◆ **What the task requires**
No pictures, please: print exactly the lines from the one that contains "El ex futbolista" through the last line of the listing.

◆ **Dataset section**
_ _ _ _ _
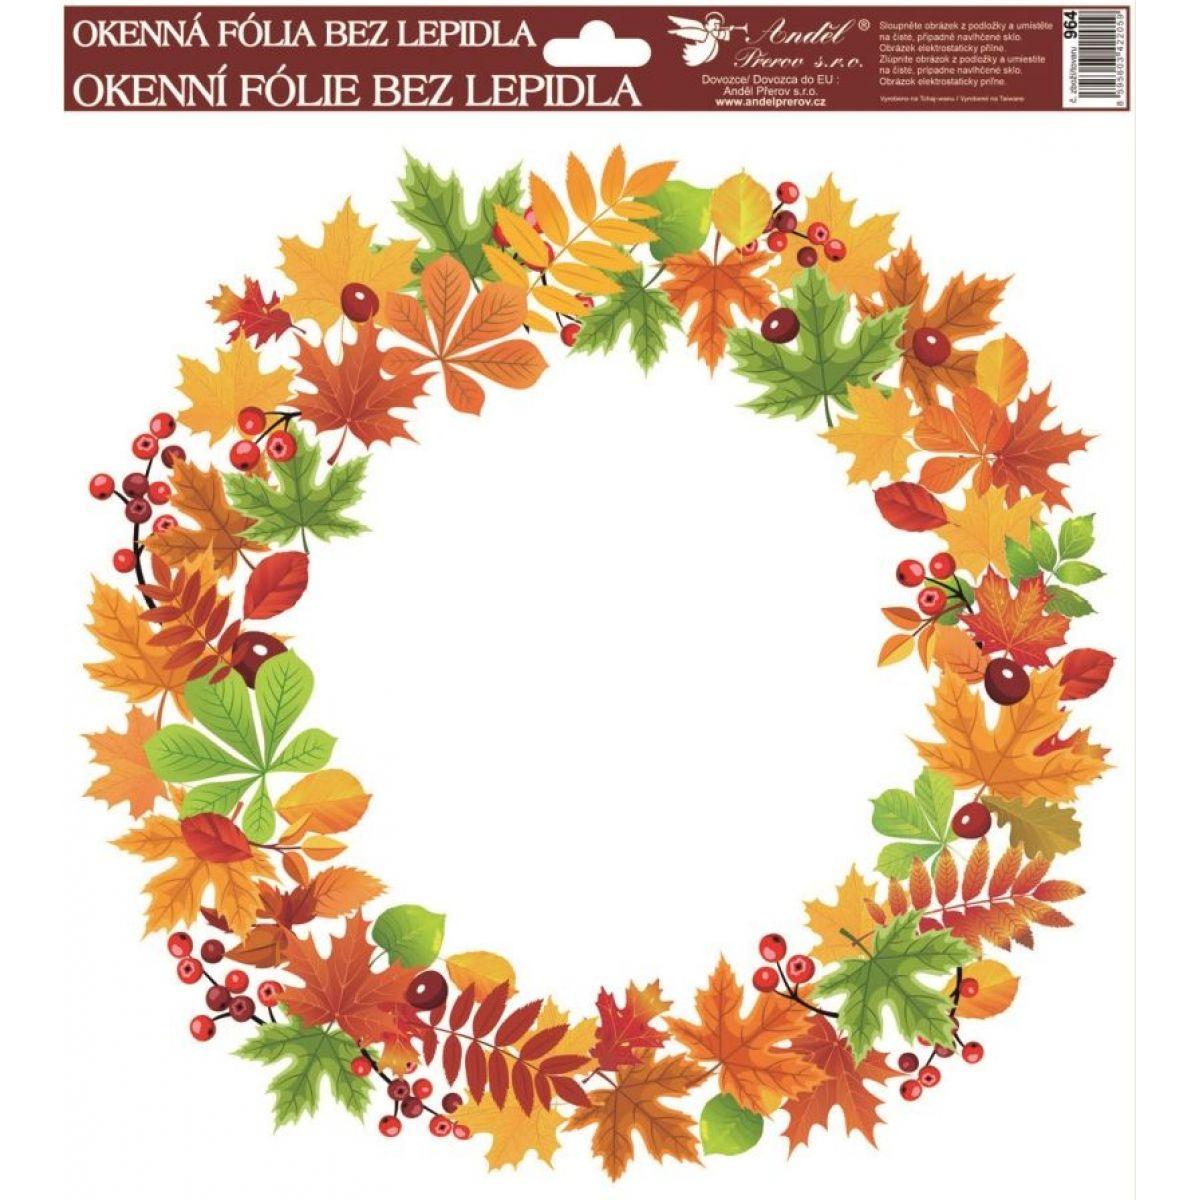 Okenní fólie 30 x 30 cm, podzimní věnce listí se šípky
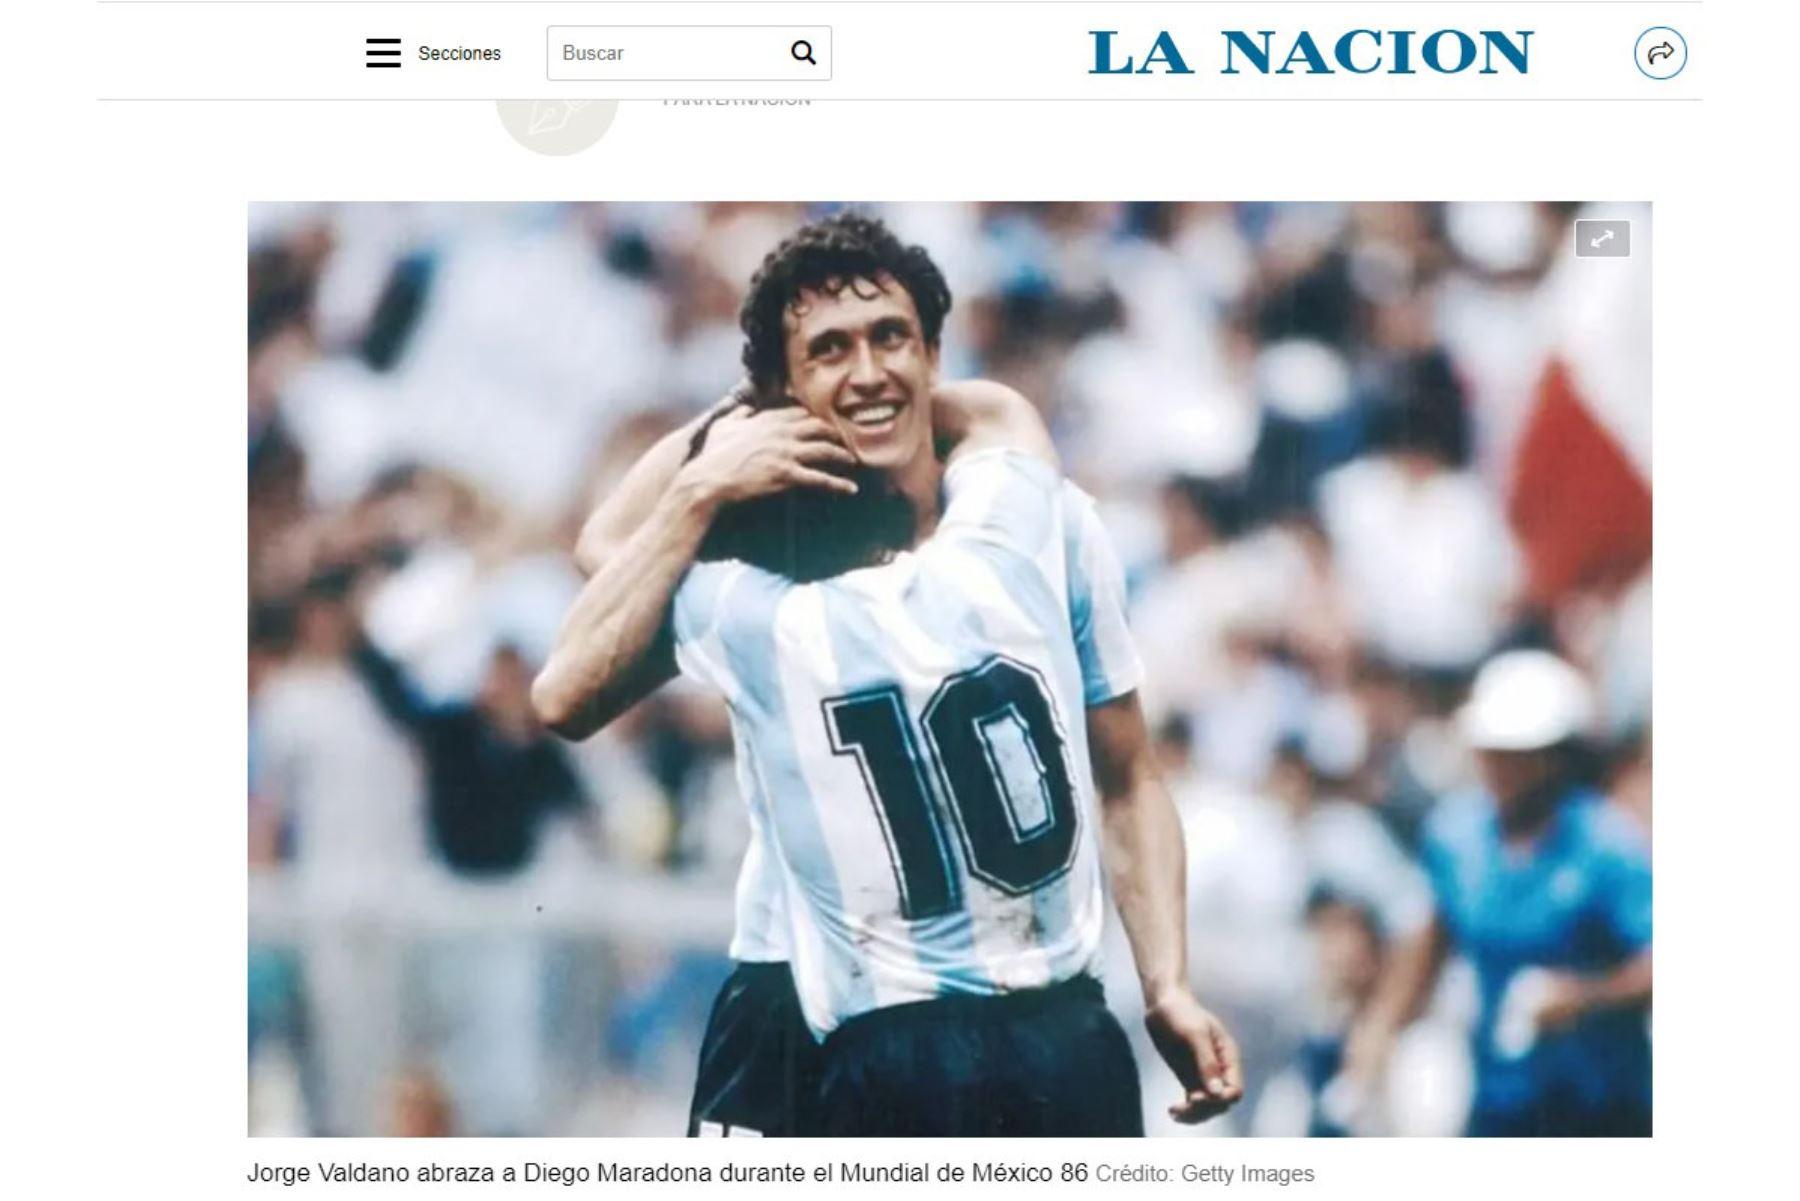 El ex futbolista Jorge Valdano y compañero del astro argentino Diego Armando Maradona se despide con un artículo publicado en el diario La Nación titulado : Adiós a Diego y adiós a Maradona. Foto: Portada La Nación
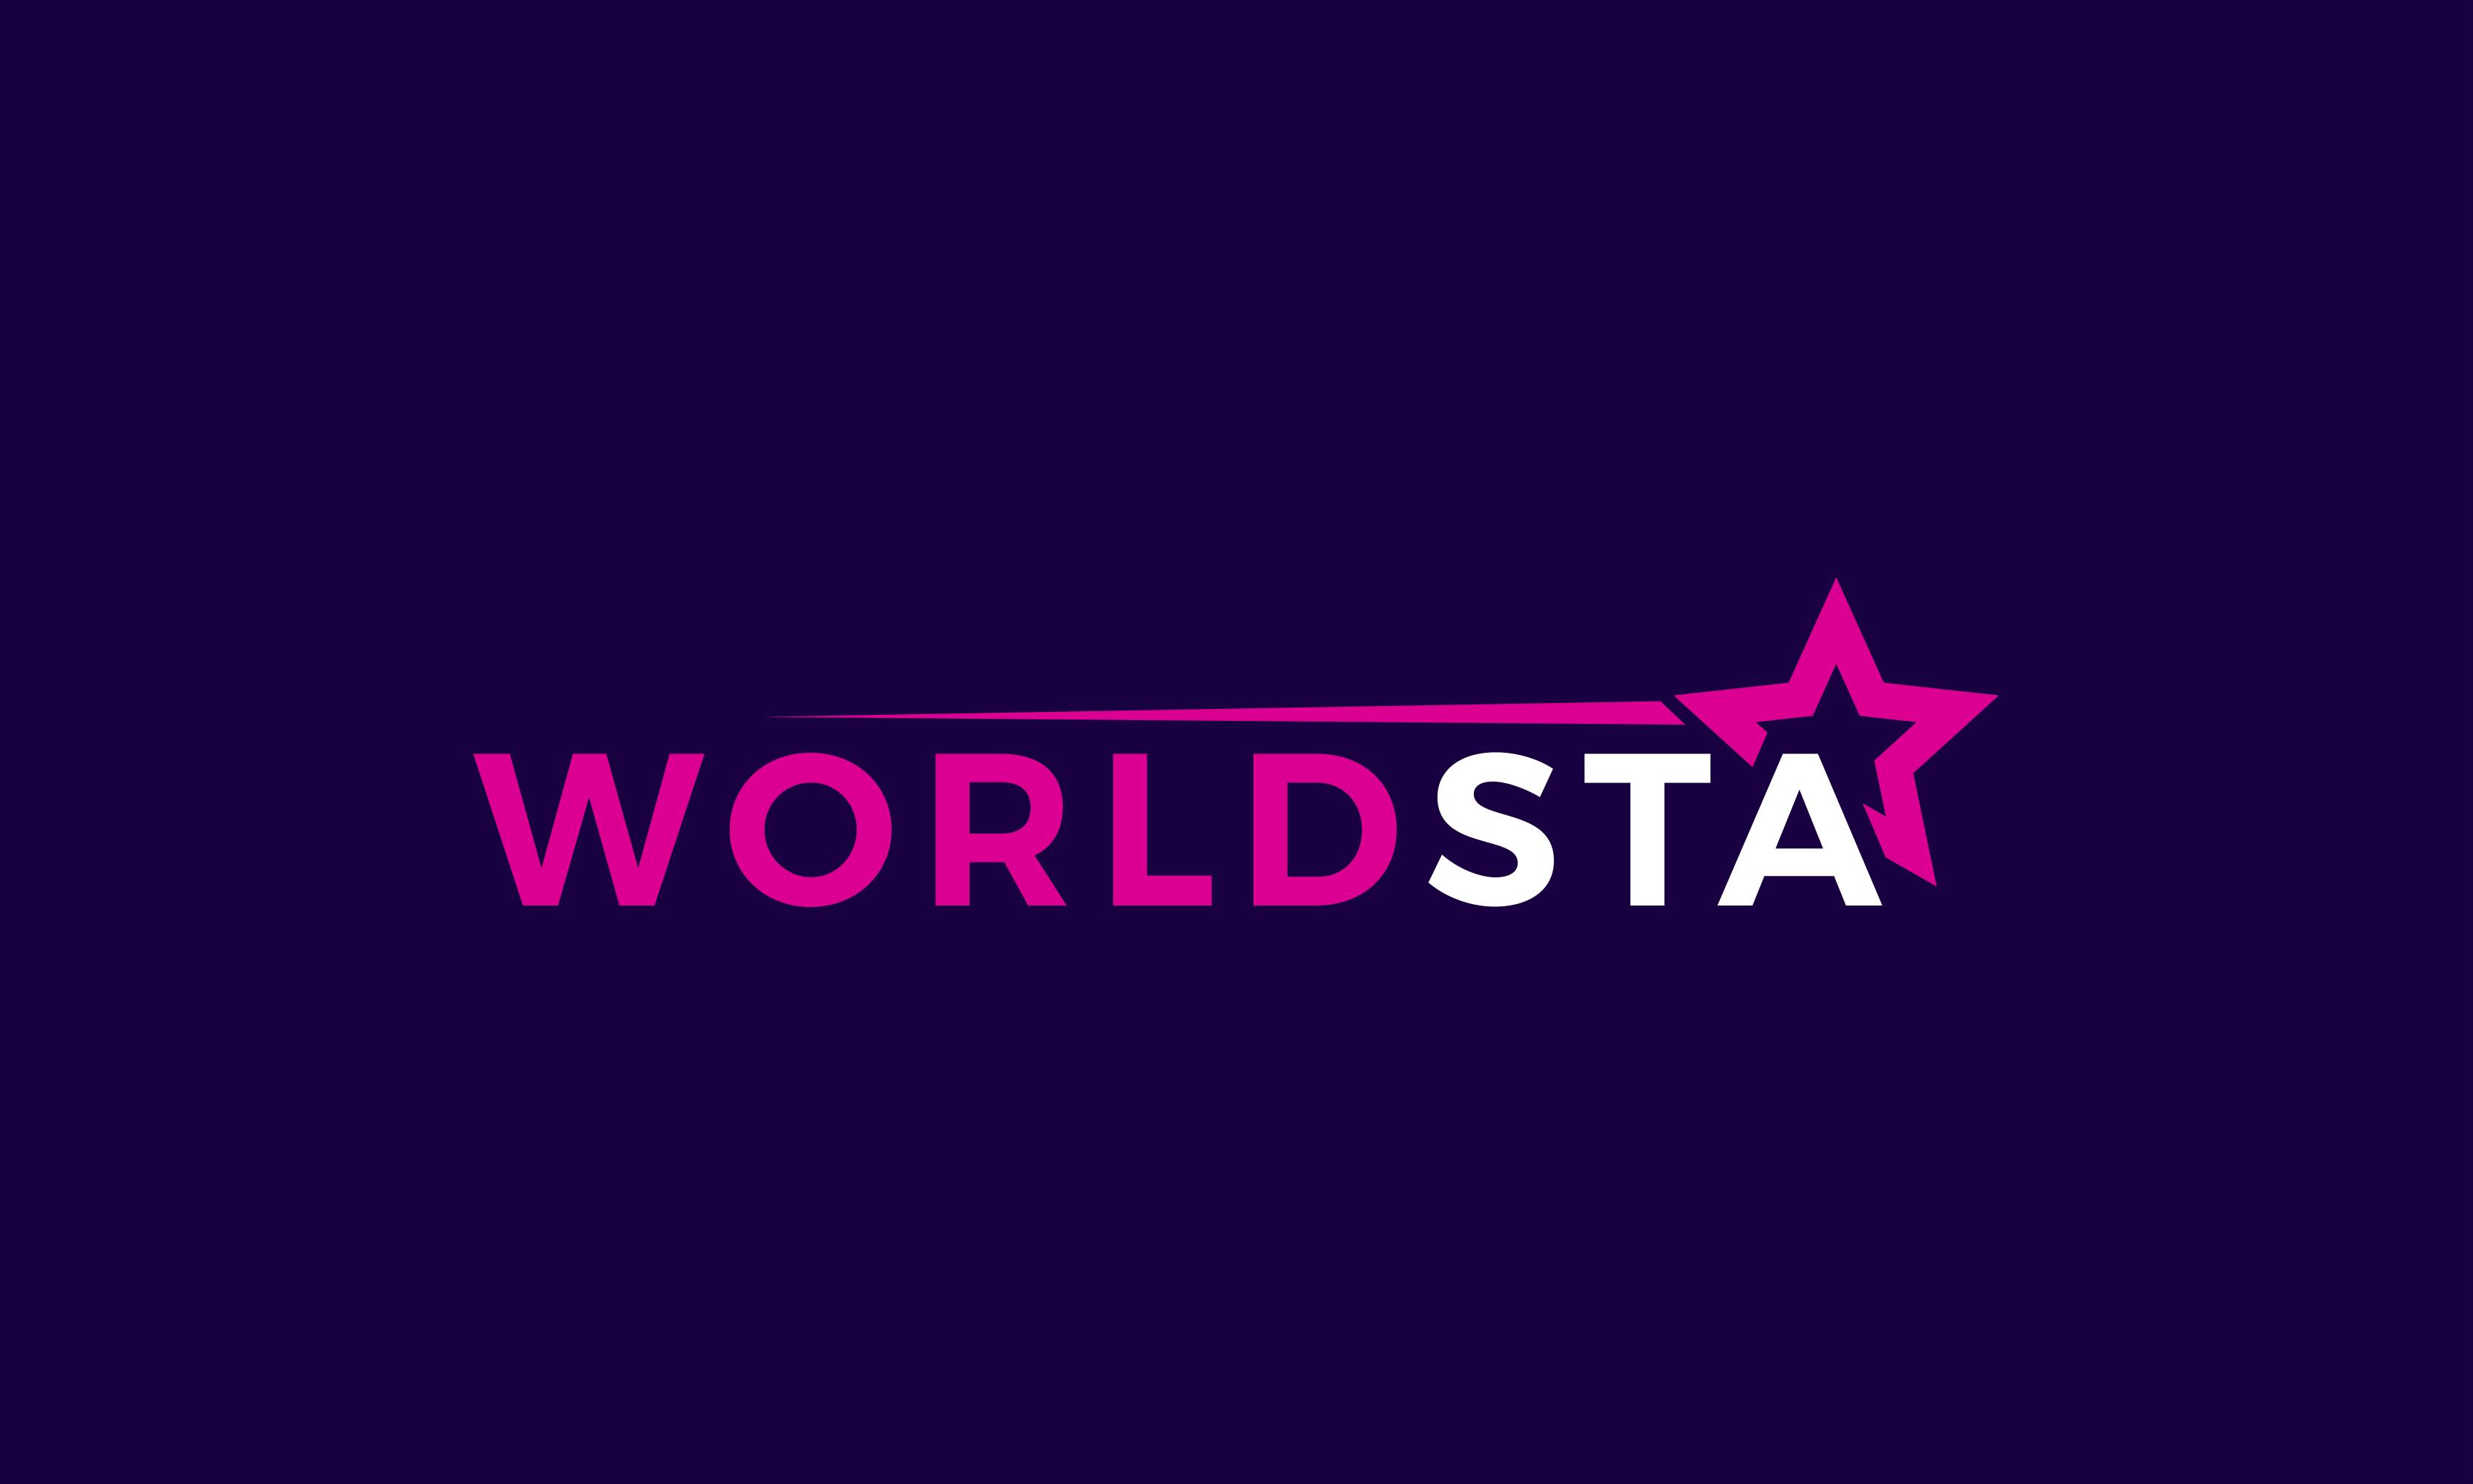 Worldsta
_ _ _ _ _
◆ **Task solution**
 El ex futbolista Jorge Valdano y compañero del astro argentino Diego Armando Maradona se despide con un artículo publicado en el diario La Nación titulado : Adiós a Diego y adiós a Maradona. Foto: Portada La Nación
 Worldsta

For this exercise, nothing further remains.